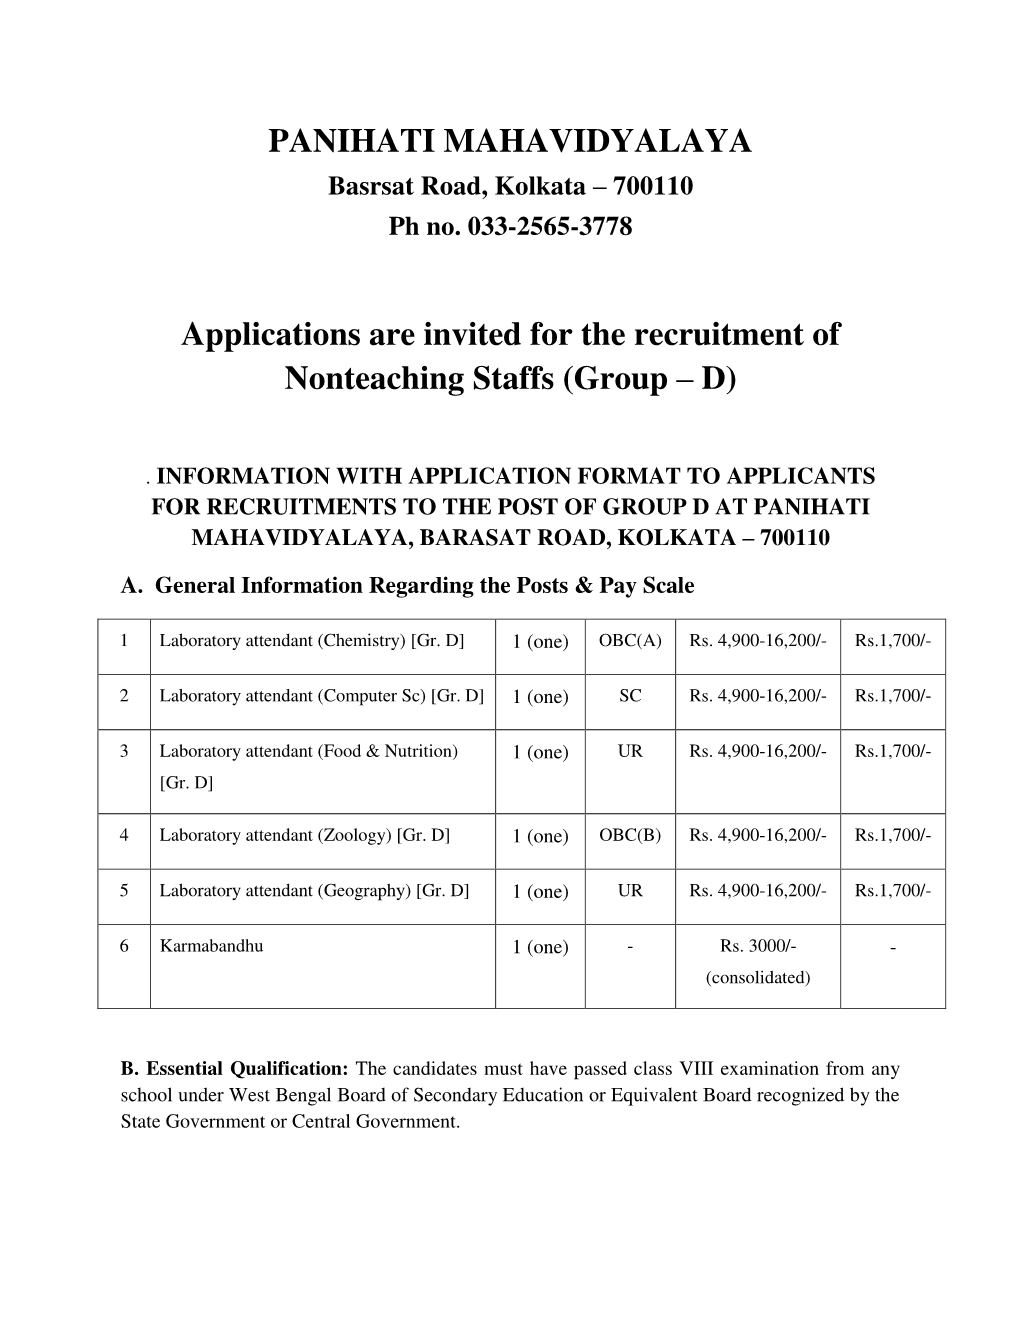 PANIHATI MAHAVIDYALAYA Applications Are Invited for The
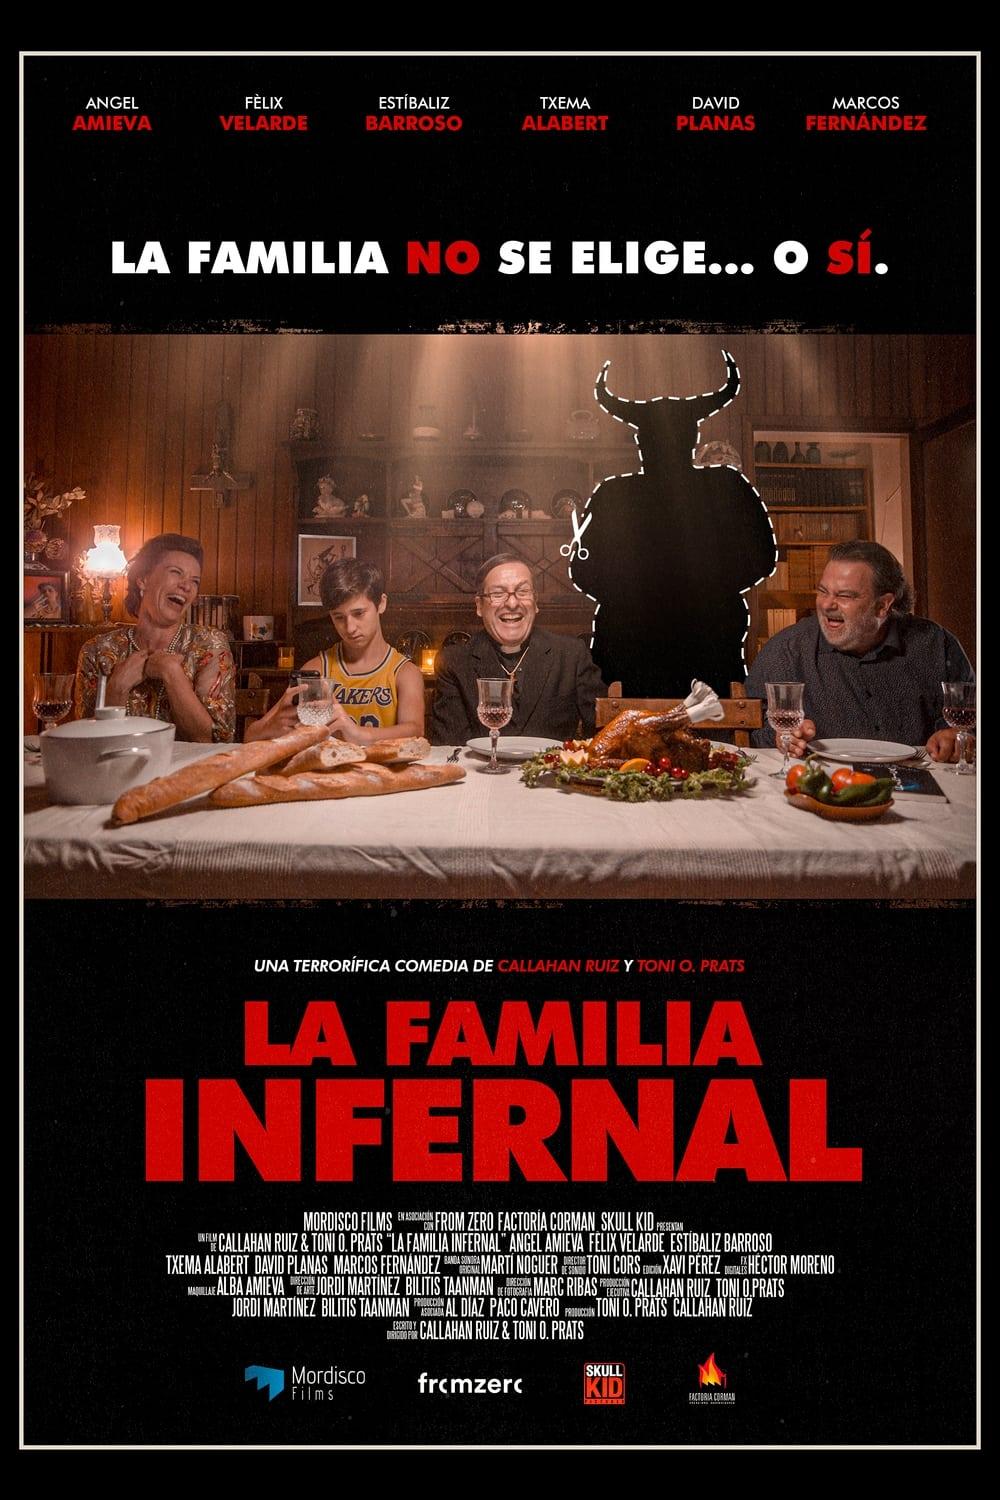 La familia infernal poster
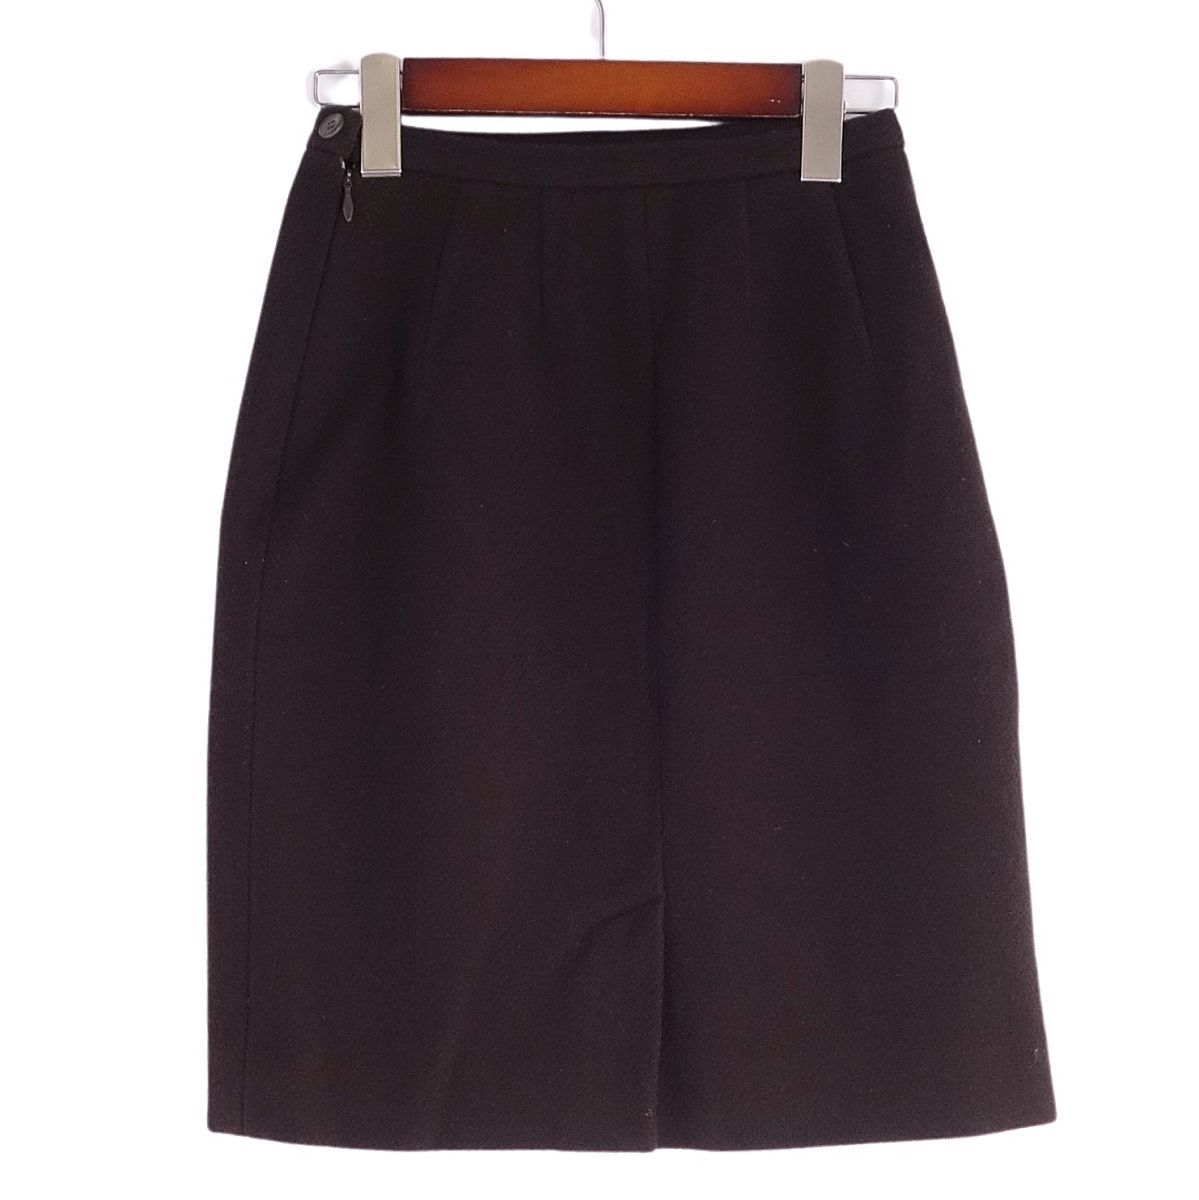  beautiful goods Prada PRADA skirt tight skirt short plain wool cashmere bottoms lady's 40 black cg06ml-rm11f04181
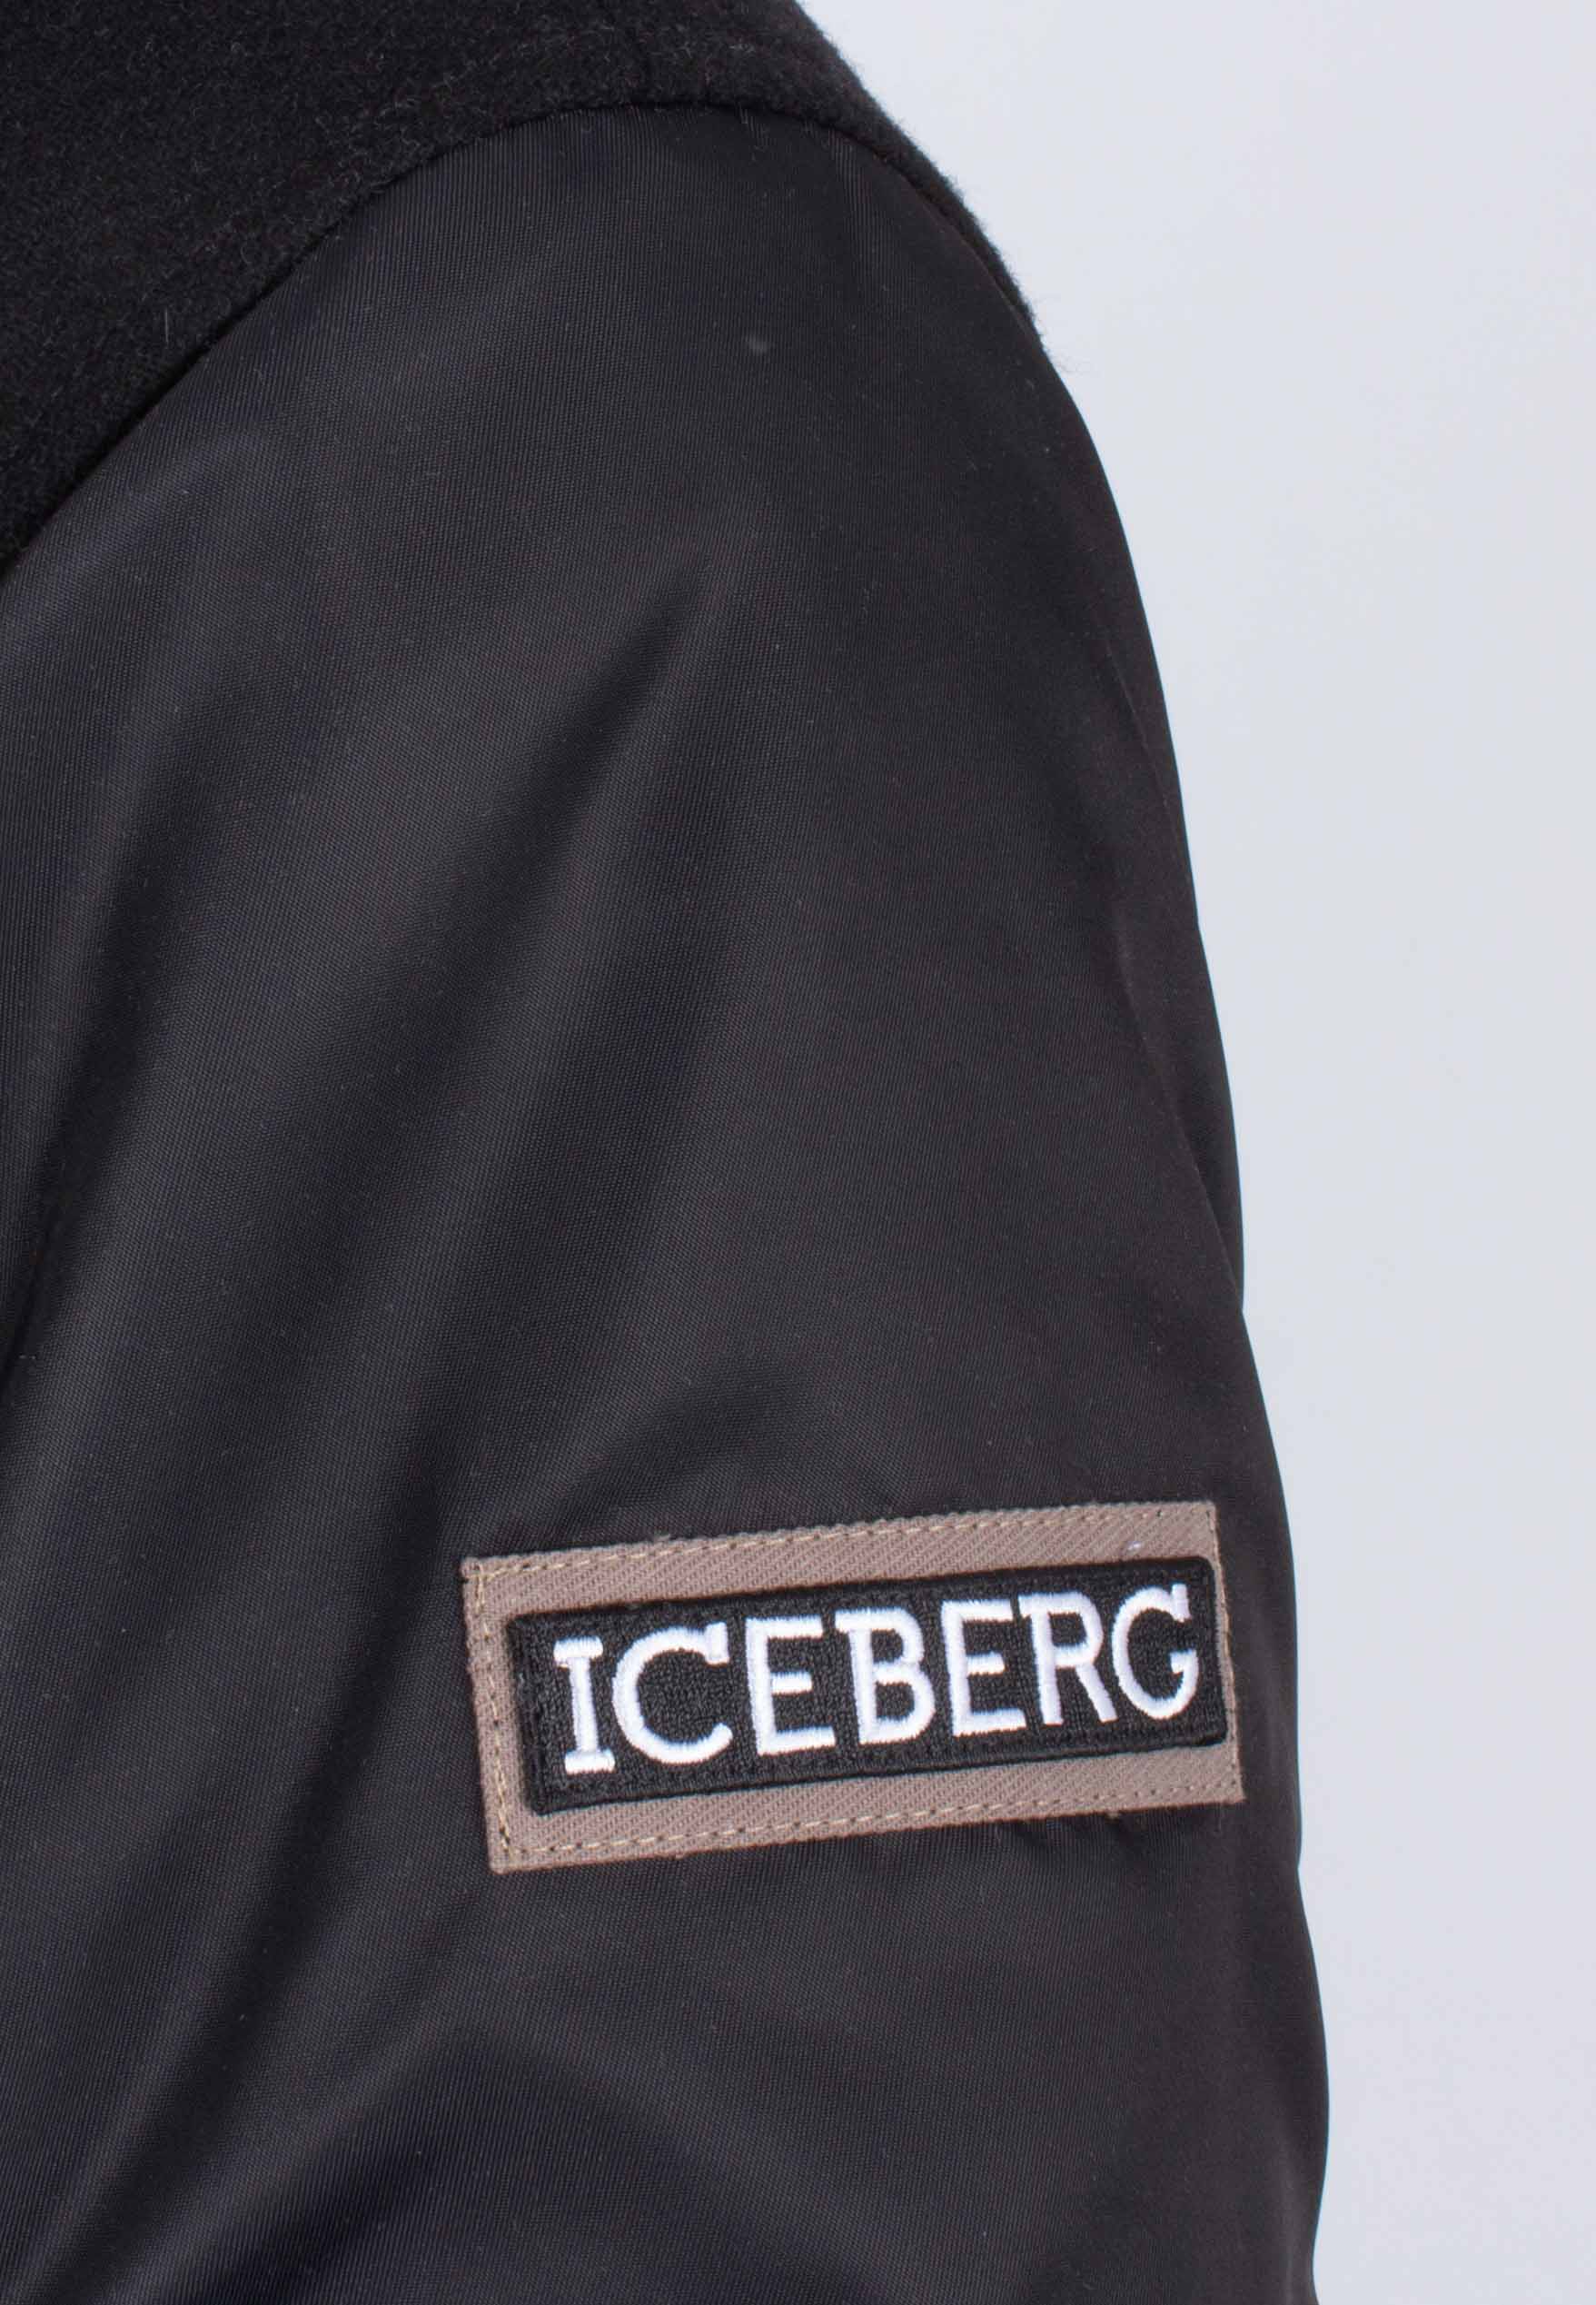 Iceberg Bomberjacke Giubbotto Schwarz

+ + + + + + +

--- What needs to be done ---
The output is the data above, repeated exactly, with pictures omitted.

--- Output below ---
 PANIHATI MAHAVIDYALAYA Applications Are Invited for The
 La familia infernal poster
  beautiful goods Prada PRADA skirt tight skirt short plain wool cashmere bottoms lady's 40 black cg06ml-rm11f04181
 Iceberg Bomberjacke Giubbotto Schwarz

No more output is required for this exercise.